TASK PROMPT => The listing is to be printed word for word, pictures omitted.

THE DATA =>
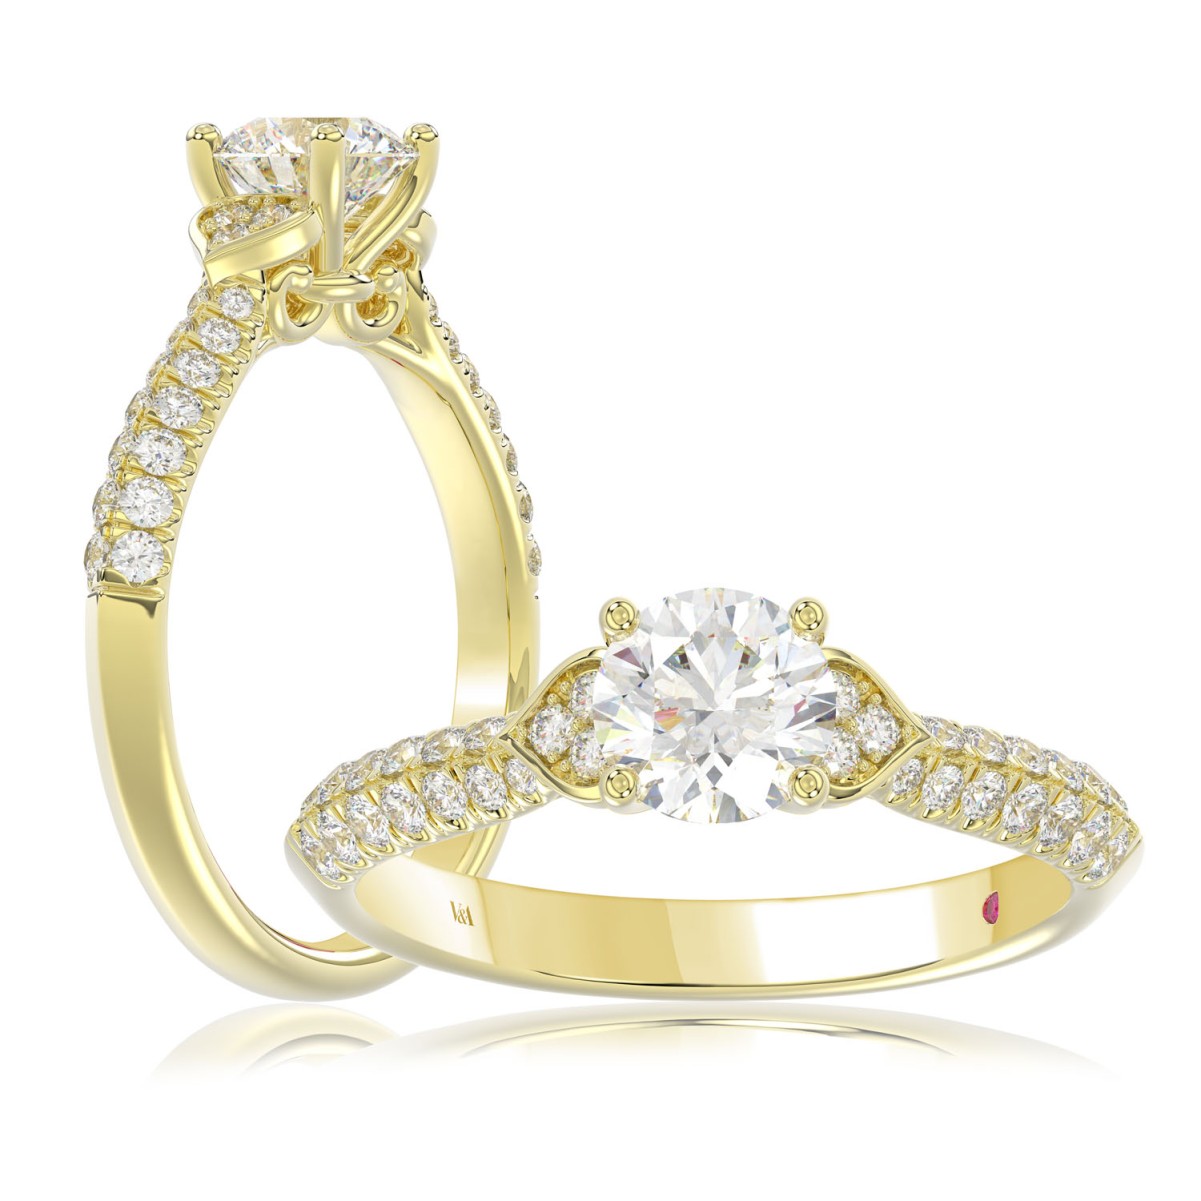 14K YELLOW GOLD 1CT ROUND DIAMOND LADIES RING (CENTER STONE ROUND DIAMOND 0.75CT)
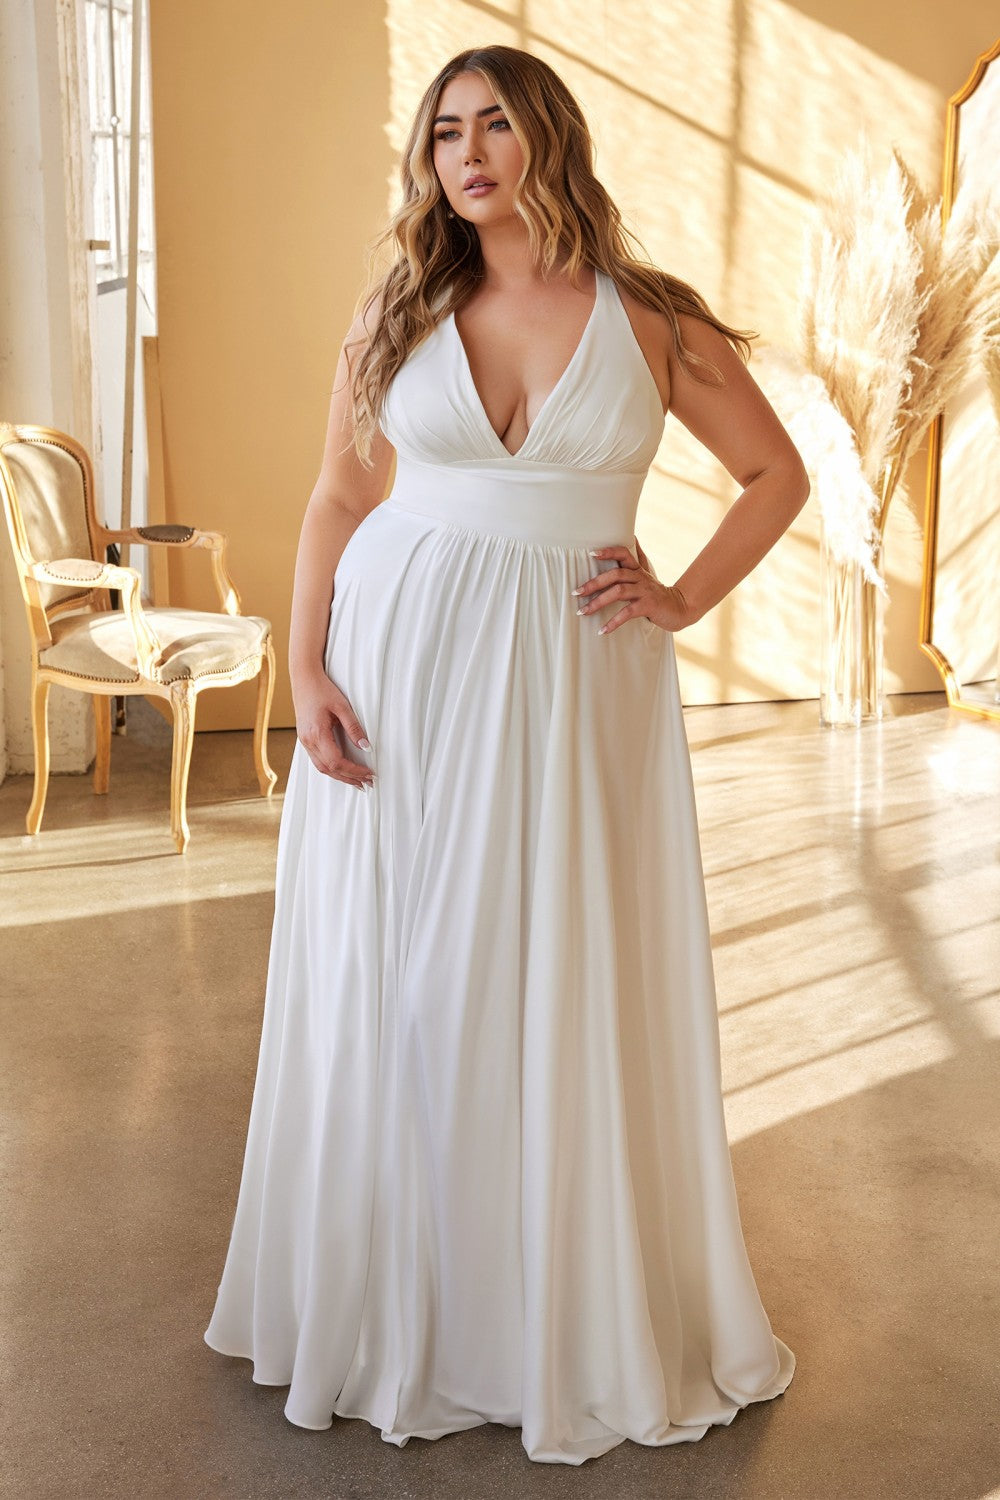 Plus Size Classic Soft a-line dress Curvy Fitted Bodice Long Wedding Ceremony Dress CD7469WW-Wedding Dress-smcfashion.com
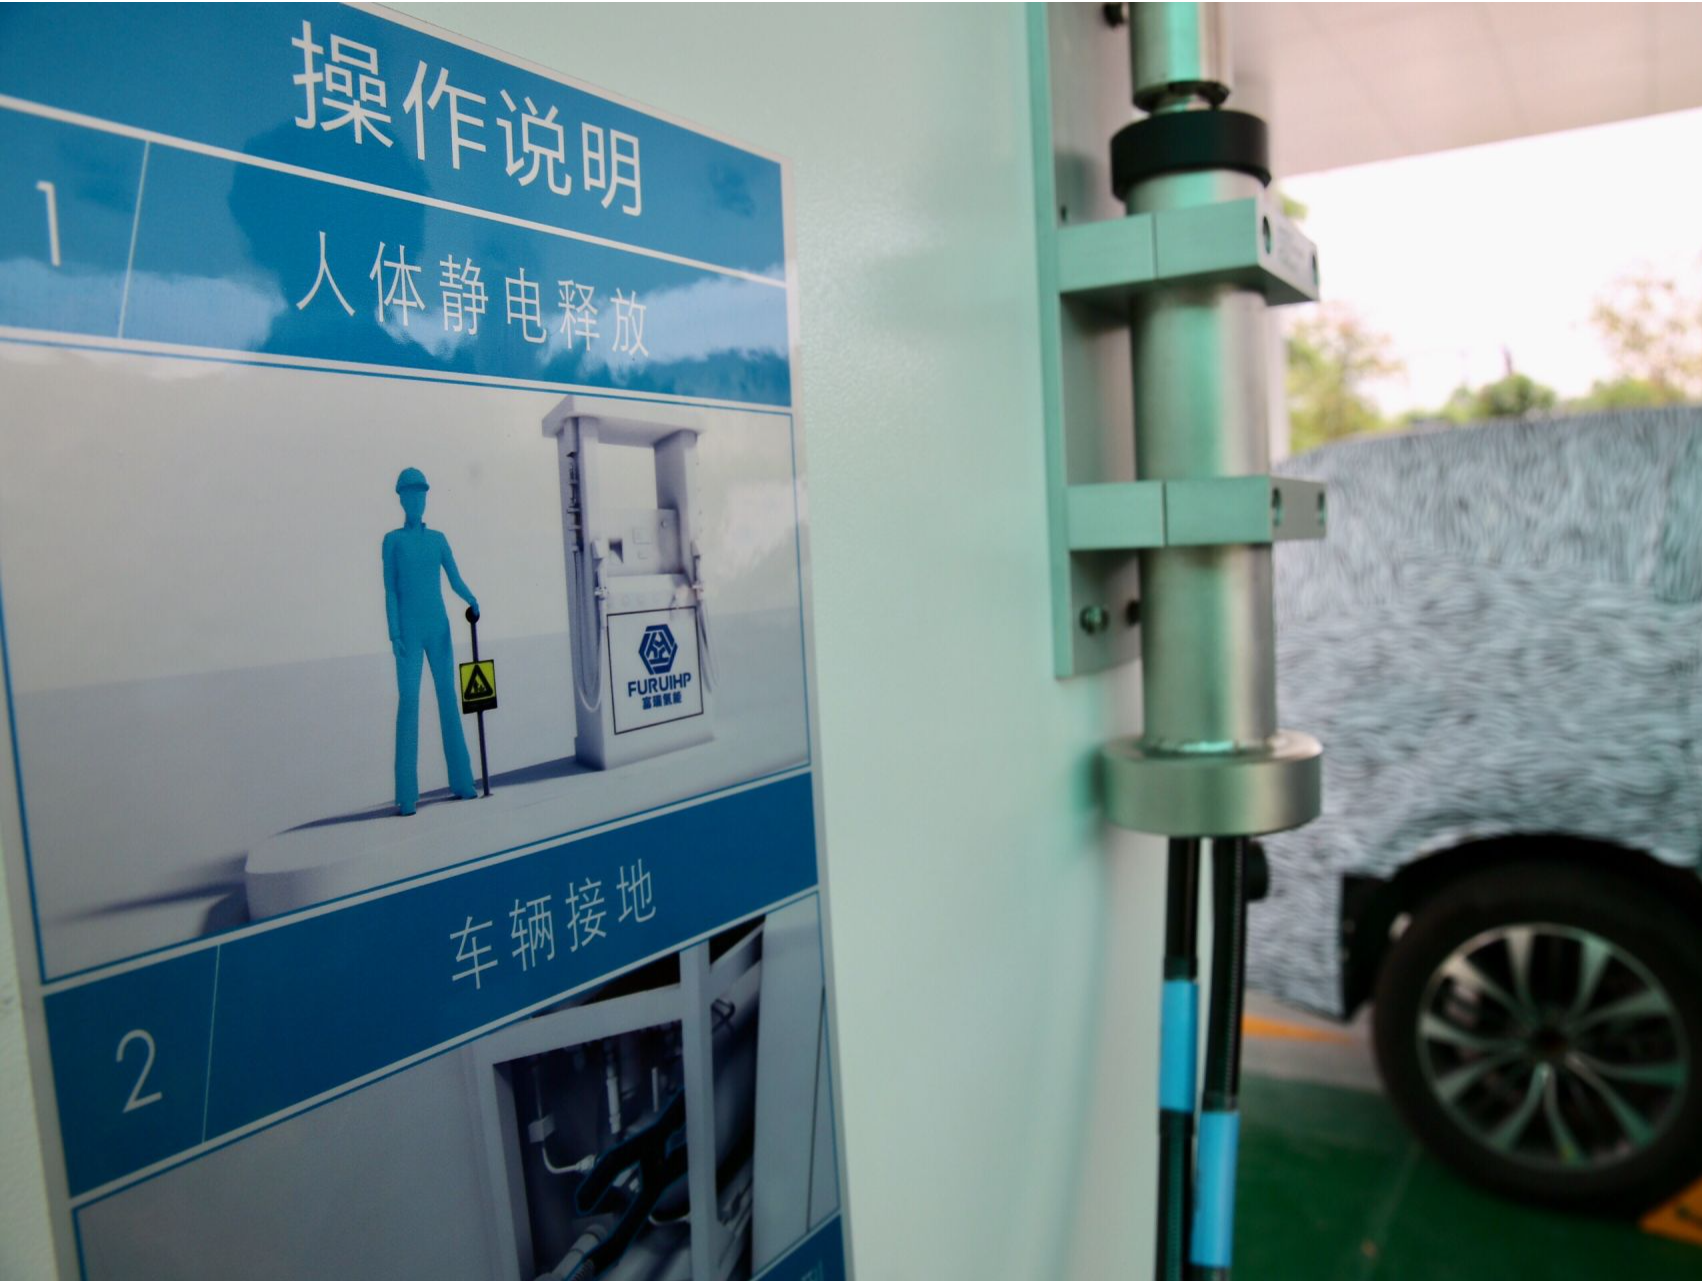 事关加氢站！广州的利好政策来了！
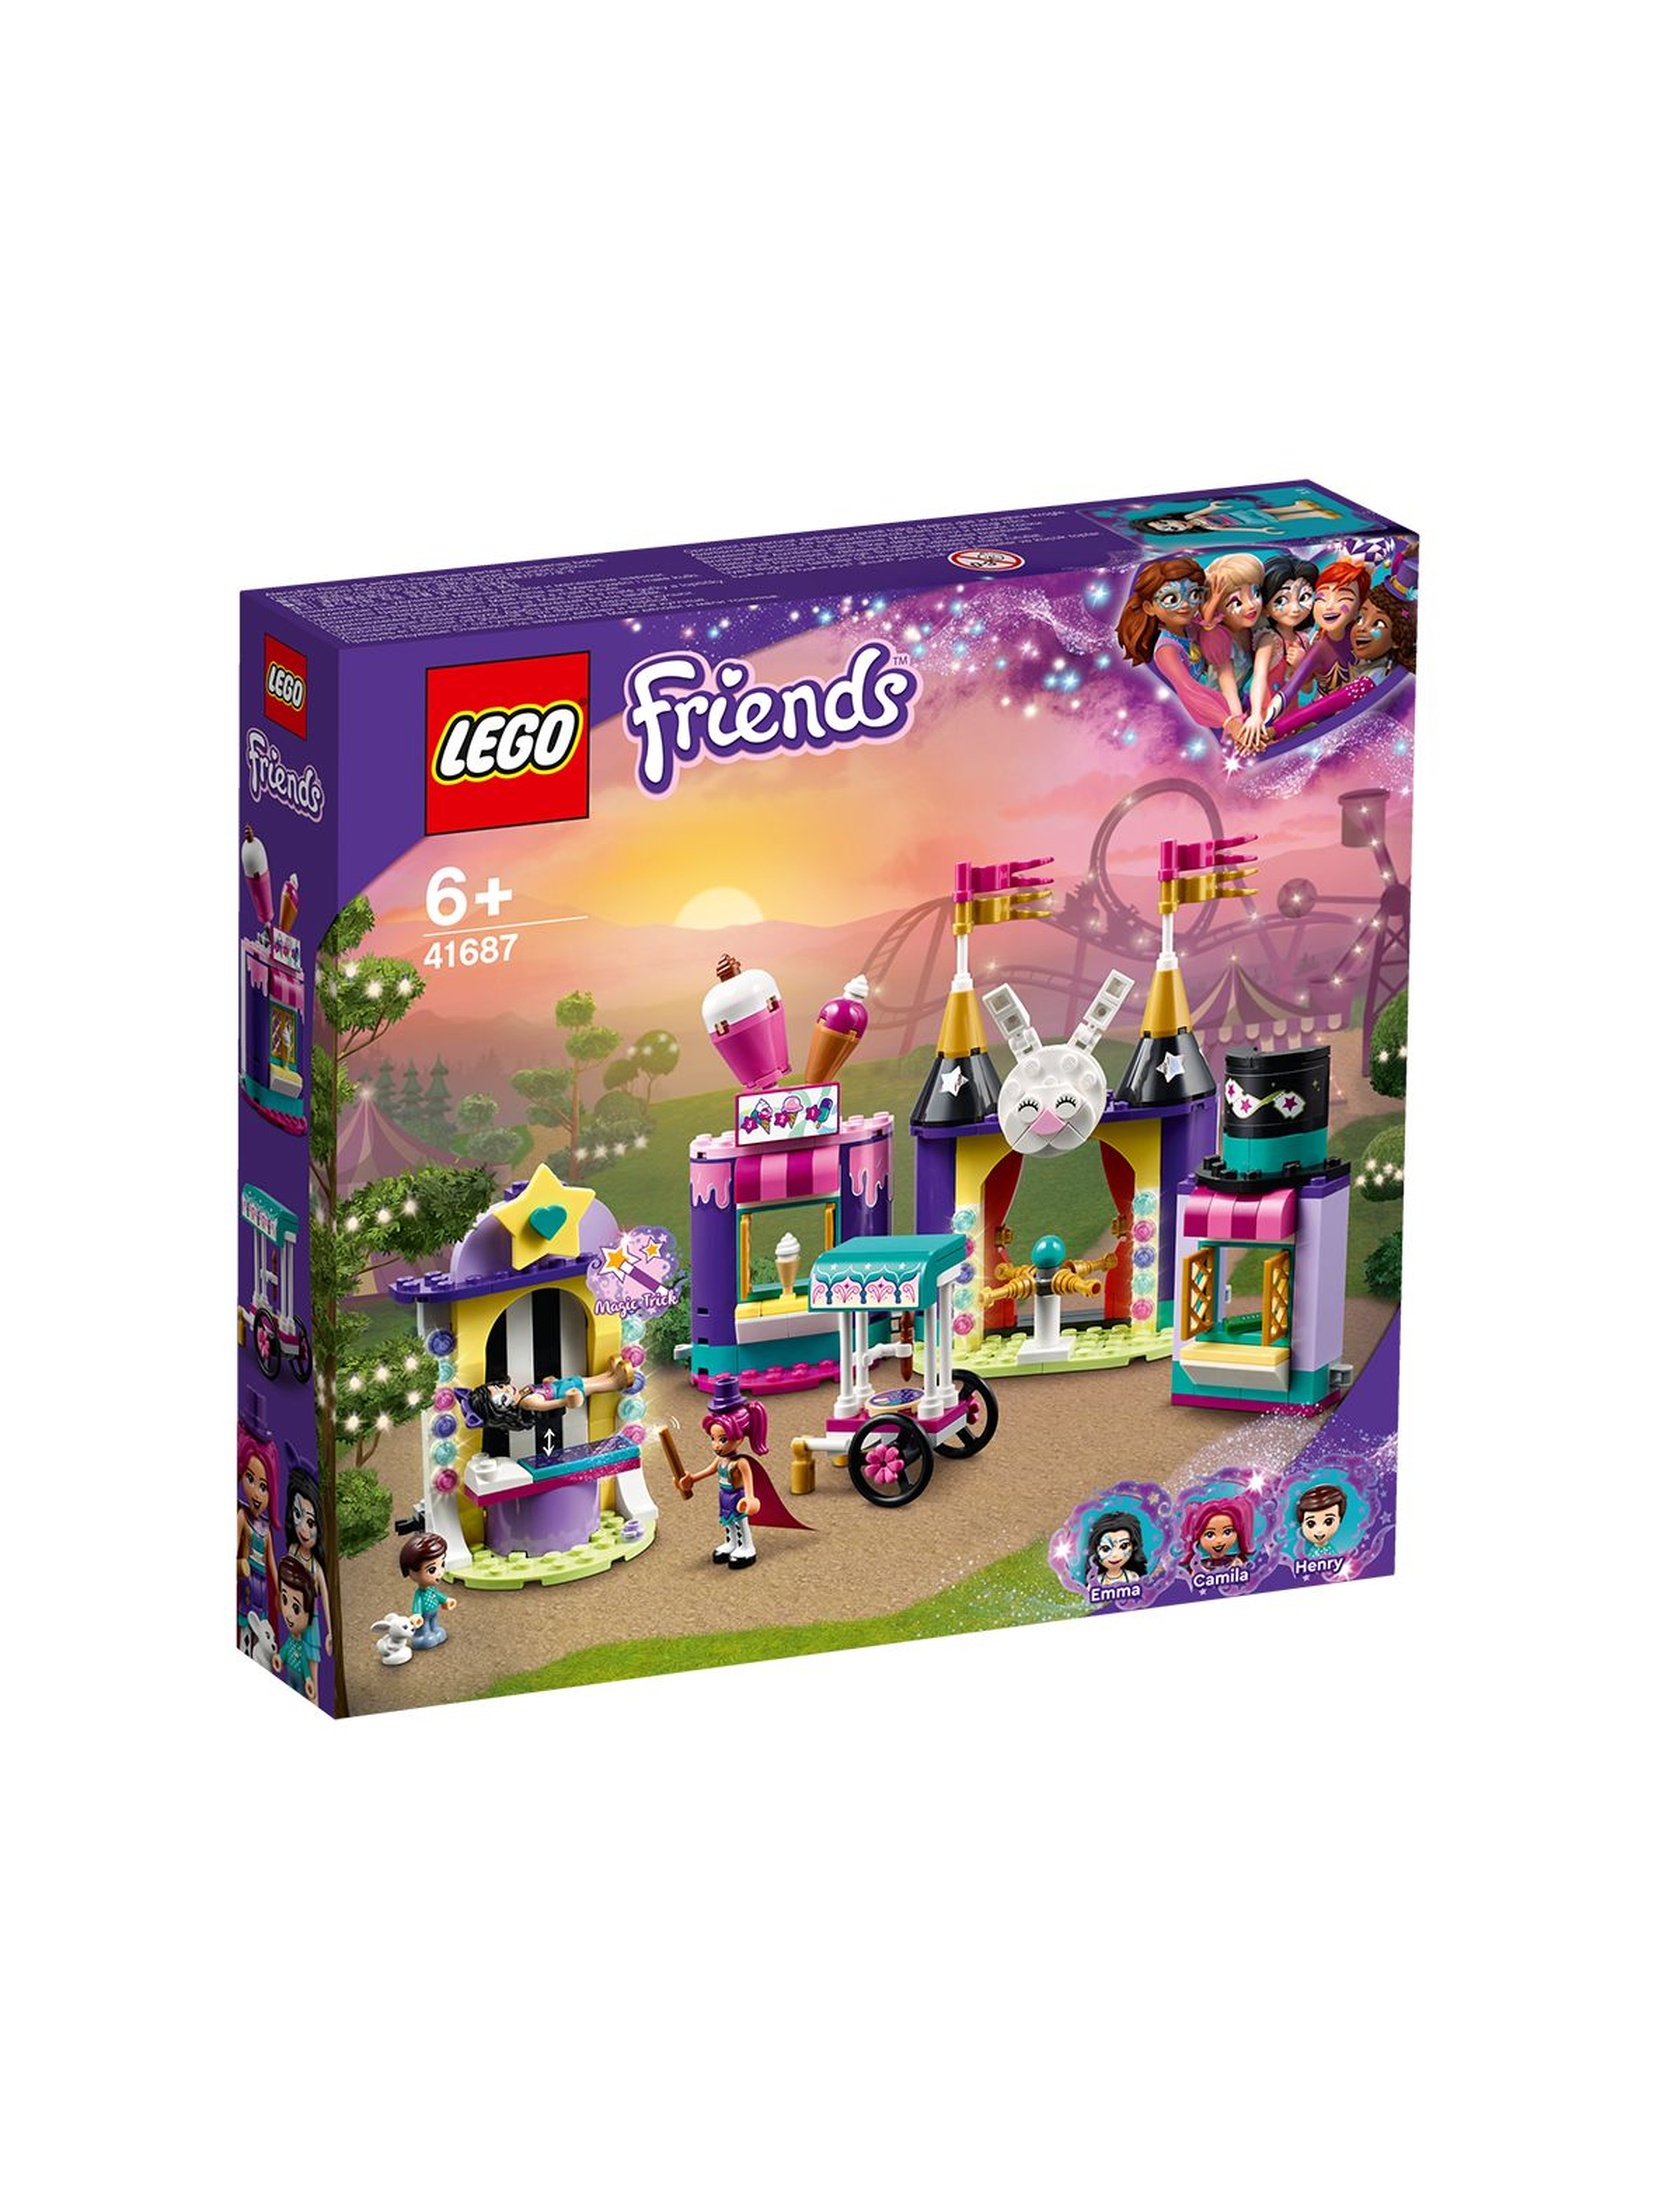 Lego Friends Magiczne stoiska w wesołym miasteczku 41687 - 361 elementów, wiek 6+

RESPONSE AREA =>
 14K YELLOW GOLD 1CT ROUND DIAMOND LADIES RING (CENTER STONE ROUND DIAMOND 0.75CT)
 Plus Size Classic Soft a-line dress Curvy Fitted Bodice Long Wedding Ceremony Dress CD7469WW-Wedding Dress-smcfashion.com
 事关加氢站！广州的利好政策来了！
 Lego Friends Magiczne stoiska w wesołym miasteczku 41687 - 361 elementów, wiek 6+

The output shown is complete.